A candidata norte-americana Alyssa Campanella, 21 anos, também aposta no descanso para estar impecável nos desfiles finais. “Estou tentando dormir o máximo que posso e estou concentrada em mim mesma, porque acho que é disso que trata o concurso. Você precisa realmente ser você mesma. É isso o que os jurados estão procurando”, afirma.
Já a bela brasileira Priscila Machado, 25 anos, prefere não mudar hábitos e cuidados em cima da hora. “Por enquanto estou mantendo os mesmos cuidados que venho tendo, mas intensifiquei algumas coisas. Tenho bebido muita água e estou tentando dormir mais para no dia estar com bastante ânimo porque o dia vai ser bastante longo”, conta.
A Miss Nicarágua, Adriana Don, 24 anos, também dedica tempo para deixar o cabelo e a pele sempre em dia. "Eu cuido muito da minha pele, uso muito hidratante. O cabelo precisa ser hidratado, especialmente porque você precisa usar muitos produtos de cabelo [como spray]. Todo mundo tem sua própria rotina de beleza. O que funciona para mim provavelmente não funciona para você", diz.
A candidata francesa, Laury Thilleman, 20 anos, disse que para ser miss tem de "ser bonita, ter corpo bonito, rosto bonito, estar sempre sorrindo, ser espontânea e sociável com as pessoas". Para ser eleita a mais bonita da França, ela disse que hidrata o corpo e o rosto "todas as manhãs e todas as noites."
Na próxima segunda-feira (12), noite do concurso, 89 candidatas desfilarão em trajes de gala e banho em busca do título de mulher mais bonita do planeta. A final do Miss Universo 2011 ocorrerá no Credicard Hall, em São Paulo. De acordo com a organização, 15 finalistas já foram escolhidas, na noite de quinta-feira (8).
'Miss personalidade'
Além de medidas perfeitas e sorrisos constantes, as candidatas ao posto de Miss Universo acreditam que a vencedora precisa ser mais do que bela. Questionadas sobre qual a característica mais importante para a dona do título, as misses foram unânimes em destacar a personalidade e a humildade.

"A principal característica de uma Miss Universo com certeza é a personalidade. Ela tem que ter uma personalidade muito forte para fazer as escolhas certas durante o reinado e para levar ao mundo inteiro a imagem de um exemplo de cidadã e de mulher", diz a brasileira Priscila.

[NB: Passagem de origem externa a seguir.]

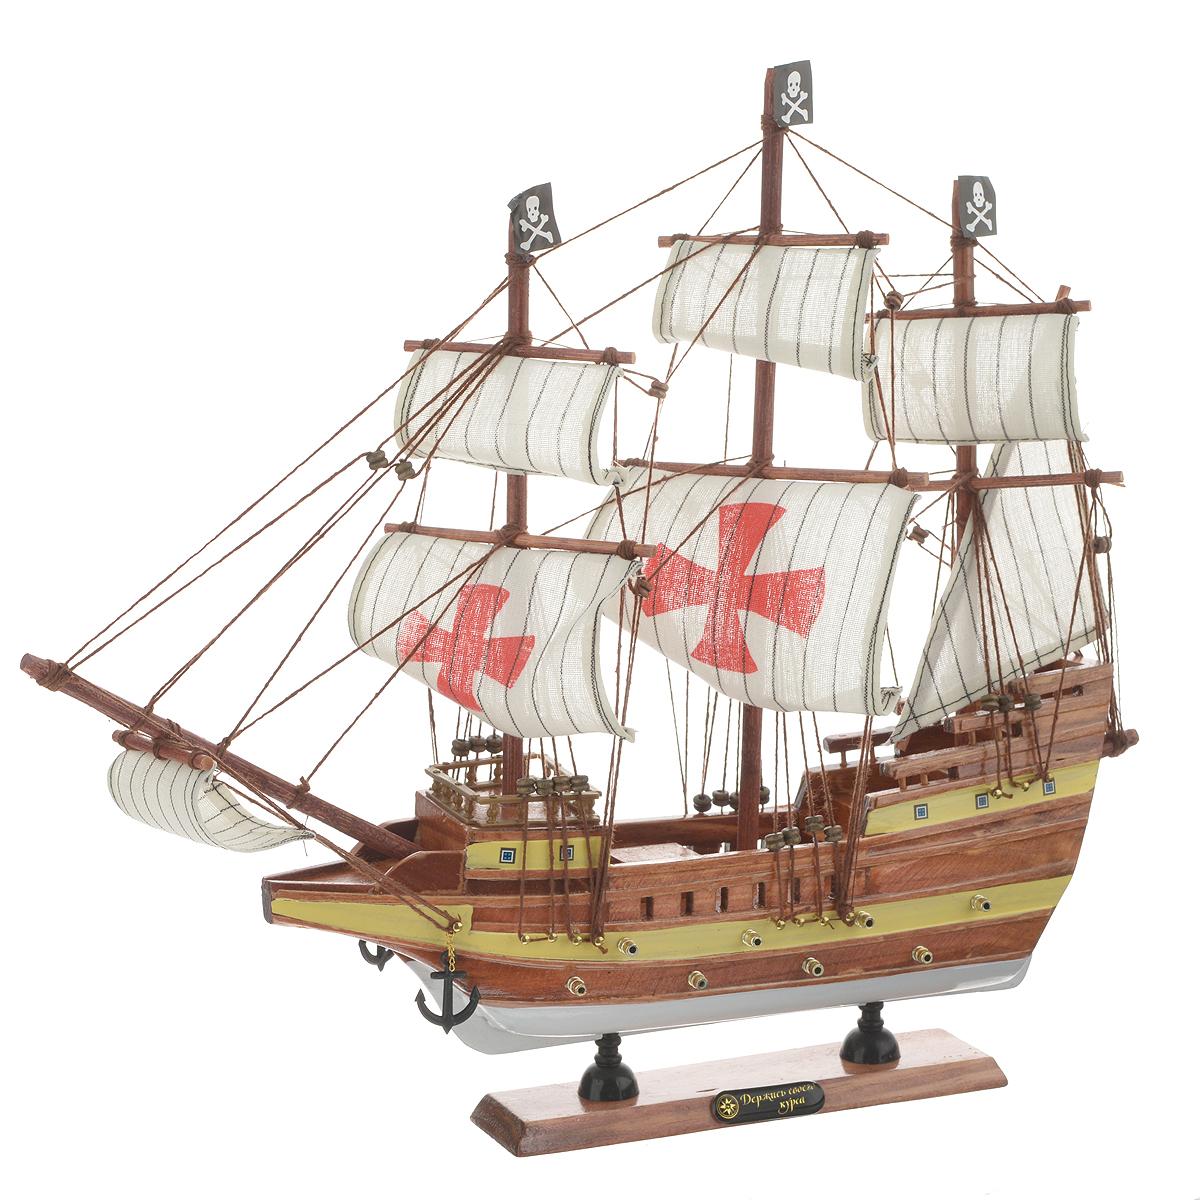 Корабль сувенирный Держись своего курса, длина 40 смa030071Сувенирный корабль Держись своего курса, изготовленный из дерева и текстиля, это великолепный элемент декора рабочей зоны в офисе или кабинете. Корабль с парусами и якорями помещен на деревянную подставку. Время идет, и мы становимся свидетелями развития технического прогресса, новых учений и практик. Но одно не подвластно времени - это любовь человека к морю и кораблям. Сувенирный корабль наполнен историей и силой океанских вод. Данная модель кораблика станет отличным подарком для всех любителей морей, поклонников историй о покорении океанов и неизведанных земель. Модель корабля - подарок со смыслом. Издавна на Руси считалось, что корабли приносят удачу и везение. Поэтому их изображения, фигурки и точные копии всегда присутствовали в помещениях. Удивите себя и своих близких необычным презентом.

Para a Miss Venezuela, Vanessa Gonçalves, 25 anos, a faixa deve ser encarada como um trabalho. "O mais importante para ser Miss Universo é desfrutar do que se faz e ser madura o suficiente para assumir o título como um trabalho. Muita gente pensa que é só estar bonita, mas não é assim. Temos que ter muita responsabilidade."
"Uma Miss Universo não é apenas uma linda menina. Ela tem que ser bonita por fora, mas precisa ter um coração grande e precisa estar aberta a outras pessoas", afirma a Miss Ucrânia, Olesia Stefanko, 23 anos.

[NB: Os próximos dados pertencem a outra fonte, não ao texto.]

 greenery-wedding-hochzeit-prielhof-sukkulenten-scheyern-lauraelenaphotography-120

A Miss Bolívia Olivia Pinheiro, 27 anos, acredita que o título represente uma ferramenta para trabalhar pelo próximo. "Sinto que uma Miss Universo é uma pessoa pública, que deve utilizar sua voz para se expressar ao mundo inteiro, e usar essa ferramenta para trabalhar pelo bem social."

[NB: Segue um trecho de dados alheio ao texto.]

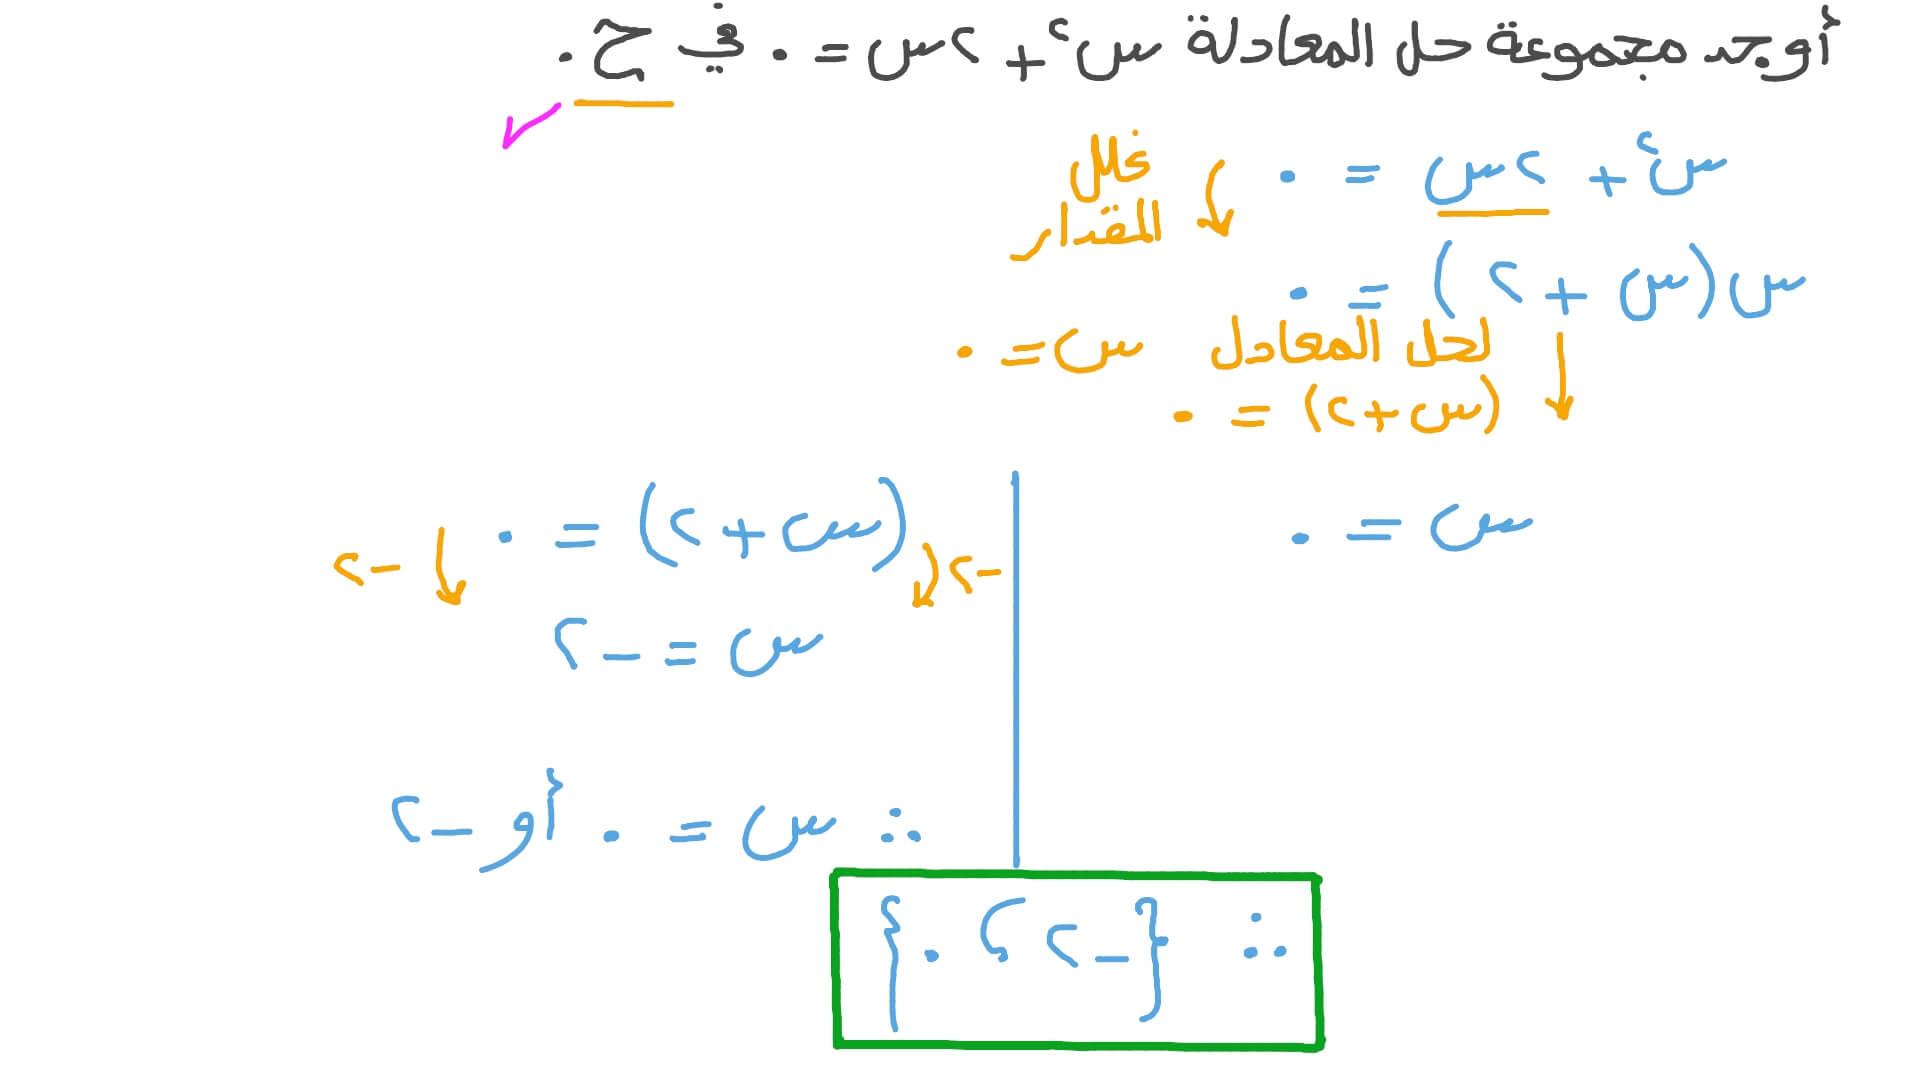 حل معادلة من الدرجة الثانية في متغير واحد بالتحليل صف تاسع Youtube

A mexicana Karin Ontiveros, 23 anos, destaca a necessidade de estar disposta a aprender. "Eu acho que ser humilde é o mais importante, amar o que fazemos e trabalhar duro por isso." .A colombiana Catalina Robayo, 22 anos, disse que a miss precisa ser autêntica e vencer pelos próprios méritos, pelo caráter. "O mais importante é ganhar como a pessoa é e não como outra pessoa".